PrepTempo

Chapter 4 of 4 · study guide + 11-question quiz

Series 66Laws & Regulations

Laws, Regulations, and Guidelines, including Prohibition on Unethical Business Practices

Skip to the chapter quiz ↓

Study guide

At 45 percent of the exam, roughly 45 scored questions, this is the section that decides whether you pass. It draws on the Uniform Securities Act, the Investment Advisers Act of 1940, and NASAA model rules to test registration of the four key persons (investment advisers, IARs, broker-dealers, agents), registration of securities, the Administrator's powers and remedies, and, heavily, ethical practices and fiduciary obligations. Learn the definitions and their exclusions cold, because most questions turn on them.
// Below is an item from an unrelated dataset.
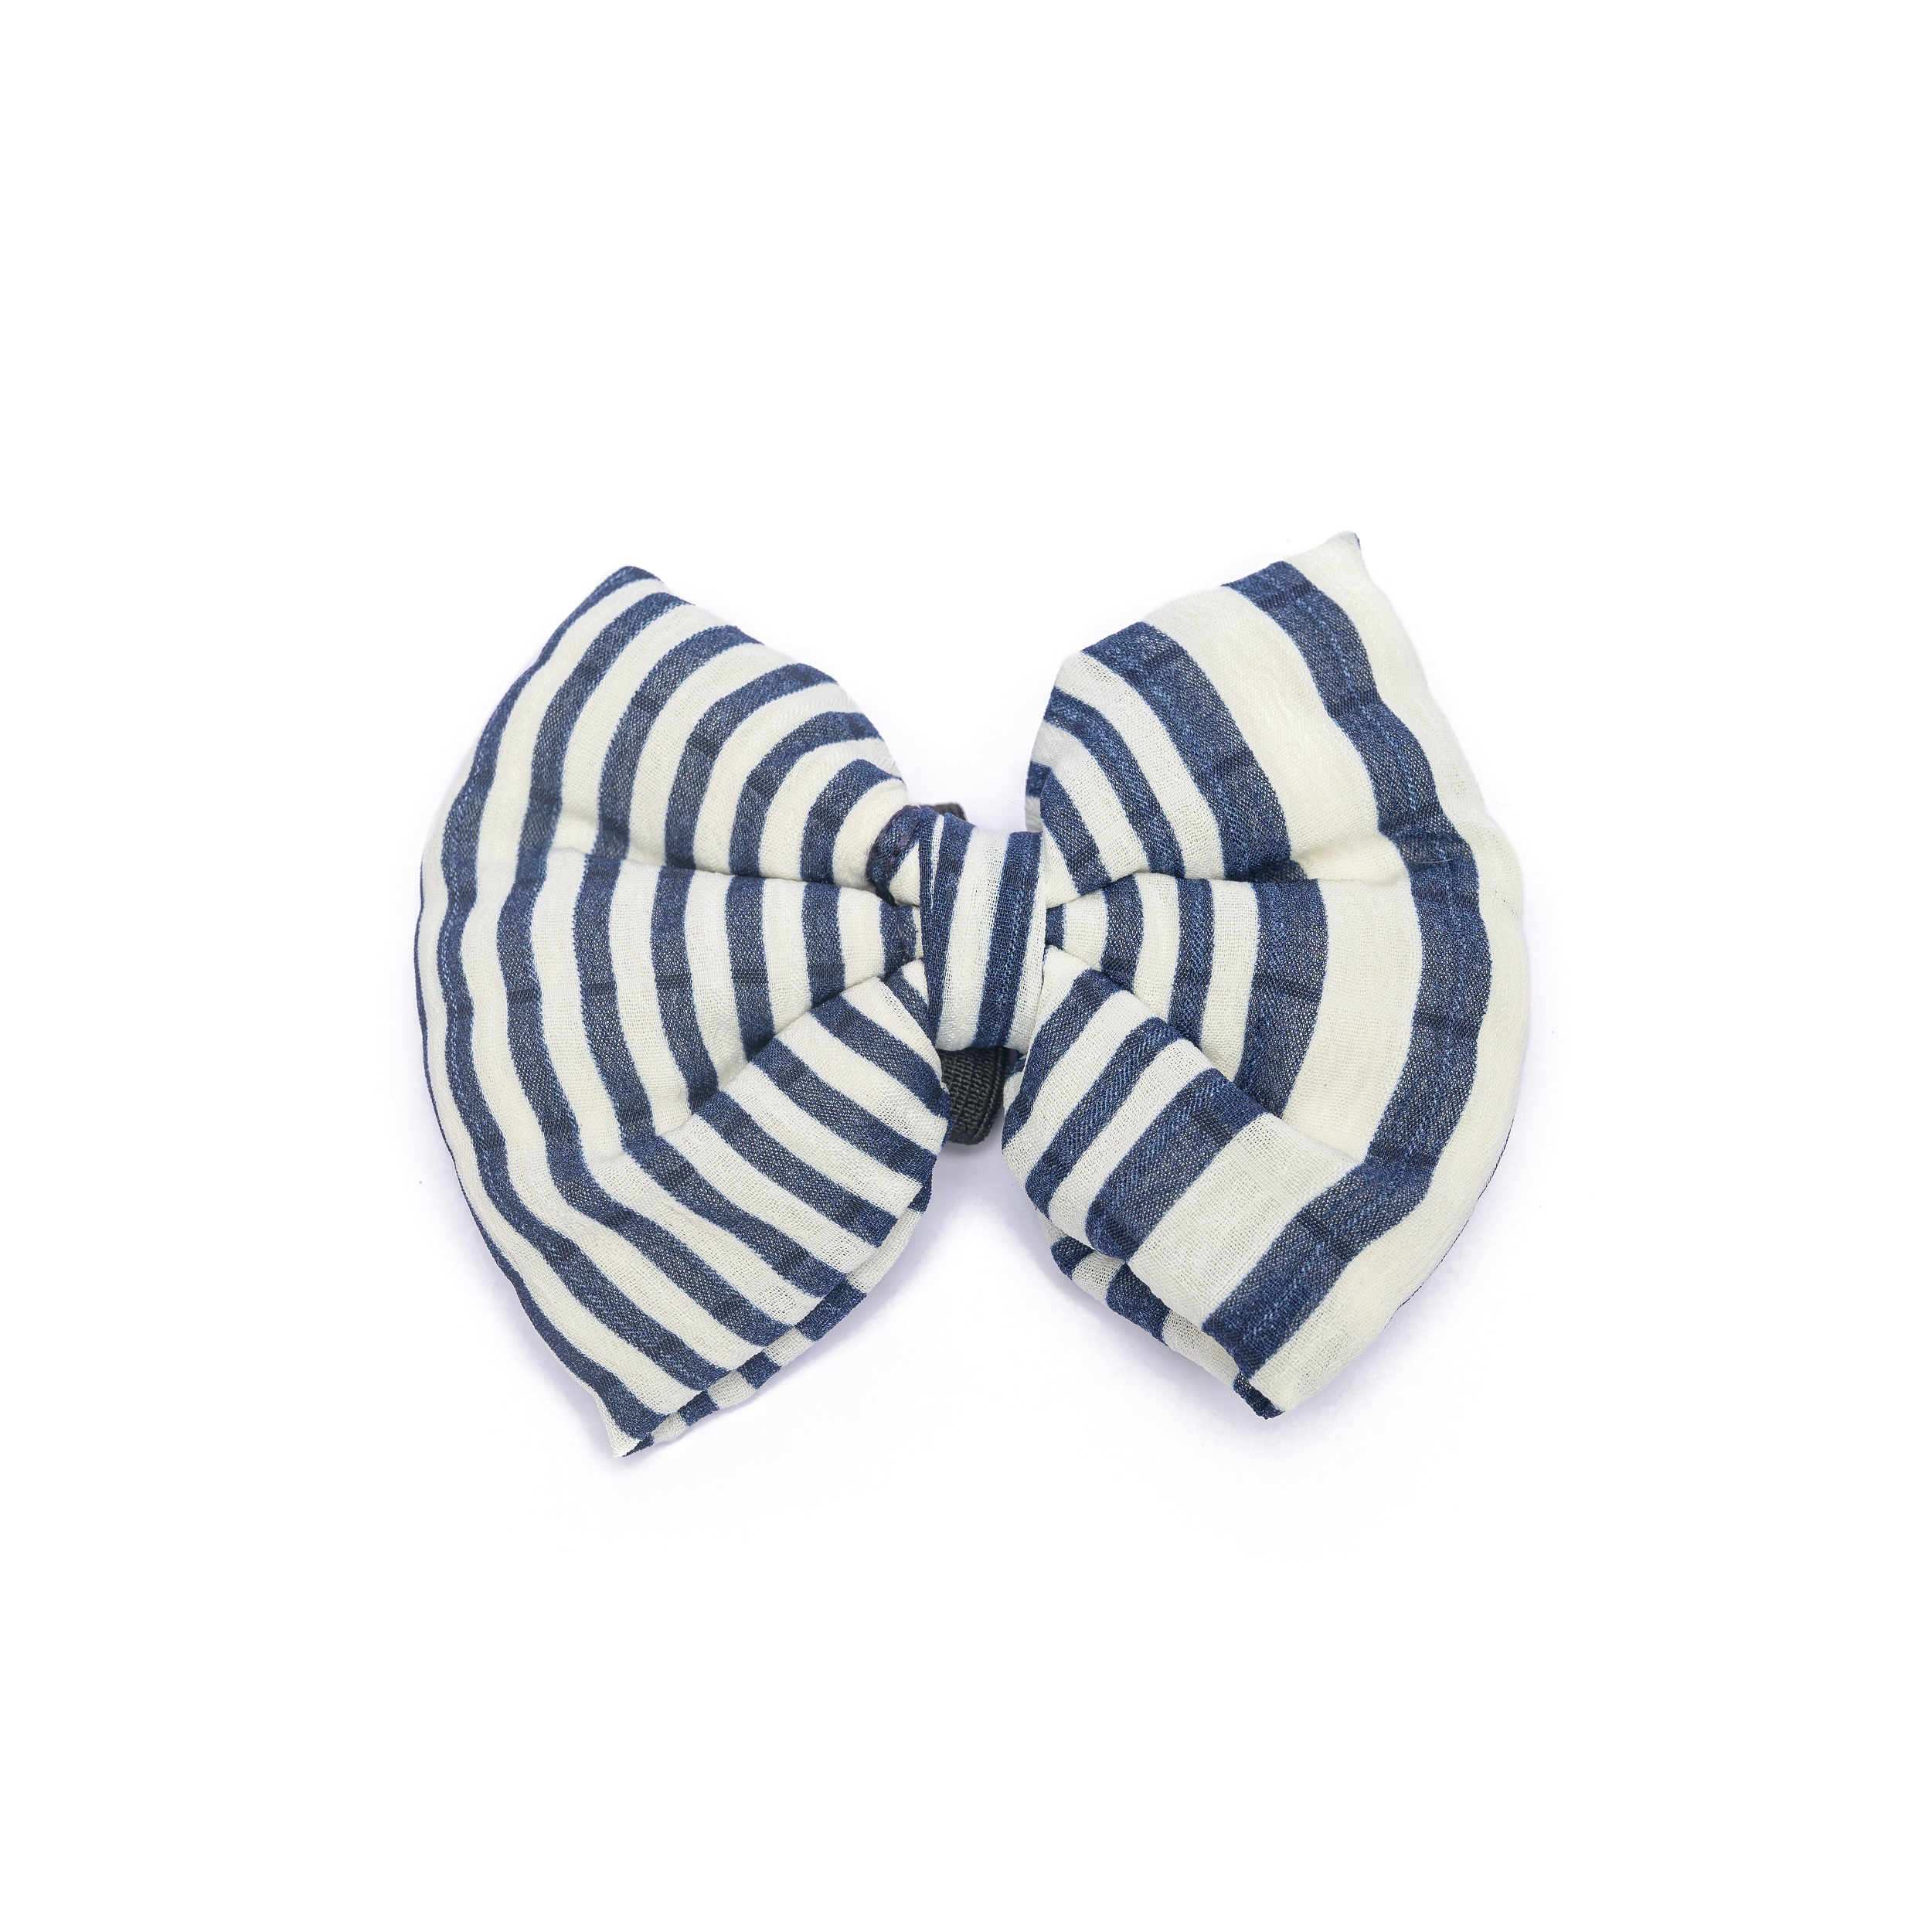 PetWale Bow-tie for Dogs - Blue Stripes

Investment Advisers and Their Representatives

An investment adviser is any person who, for compensation, is in the business of advising others about securities, the three-prong advice, business, and compensation test. Excluded from the definition are banks, broker-dealers whose advice is incidental and specially uncompensated, publishers of general-circulation media, and professionals (lawyers, accountants, teachers, engineers) whose advice is solely incidental to their practice. Registration splits by size: advisers with $110 million or more in assets under management must register with the SEC as federal covered advisers, those below $100 million generally register with the states, and those in the buffer between may choose. Federal covered advisers do not register with states but may owe a notice filing, a fee-and-paperwork requirement, in states where they solicit clients. A state-registered adviser must register where it has a place of business, but the de minimis exemption excuses registration in a state where it has no place of business and five or fewer non-institutional clients in twelve months. Registration on Form ADV becomes effective at noon on the thirtieth day after filing, and advisers must keep required books and records, file annual updating amendments, and meet any minimum financial requirements. An investment adviser representative (IAR) is an individual who gives advice, manages accounts, solicits advisory business, or supervises those who do; purely clerical staff are excluded. An IAR of a state-registered adviser registers wherever the de minimis standard is exceeded, but an IAR of a federal covered adviser registers only in states where the IAR has a place of business. Under NASAA's model rule, IARs complete twelve continuing education credits annually, six in ethics and professional responsibility and six in products and practice. Firms must reasonably supervise their IARs.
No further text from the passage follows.